WHAT TO PRODUCE: In full and unchanged, output the entries that follow.

DATA RECORDS:

-------

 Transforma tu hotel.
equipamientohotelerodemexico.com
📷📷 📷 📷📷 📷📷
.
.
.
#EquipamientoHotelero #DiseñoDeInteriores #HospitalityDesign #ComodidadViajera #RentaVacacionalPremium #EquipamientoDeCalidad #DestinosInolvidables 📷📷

-------

EXERCISE ANSWER:
 Transforma tu hotel.
equipamientohotelerodemexico.com
📷📷 📷 📷📷 📷📷
.
.
.
#EquipamientoHotelero #DiseñoDeInteriores #HospitalityDesign #ComodidadViajera #RentaVacacionalPremium #EquipamientoDeCalidad #DestinosInolvidables 📷📷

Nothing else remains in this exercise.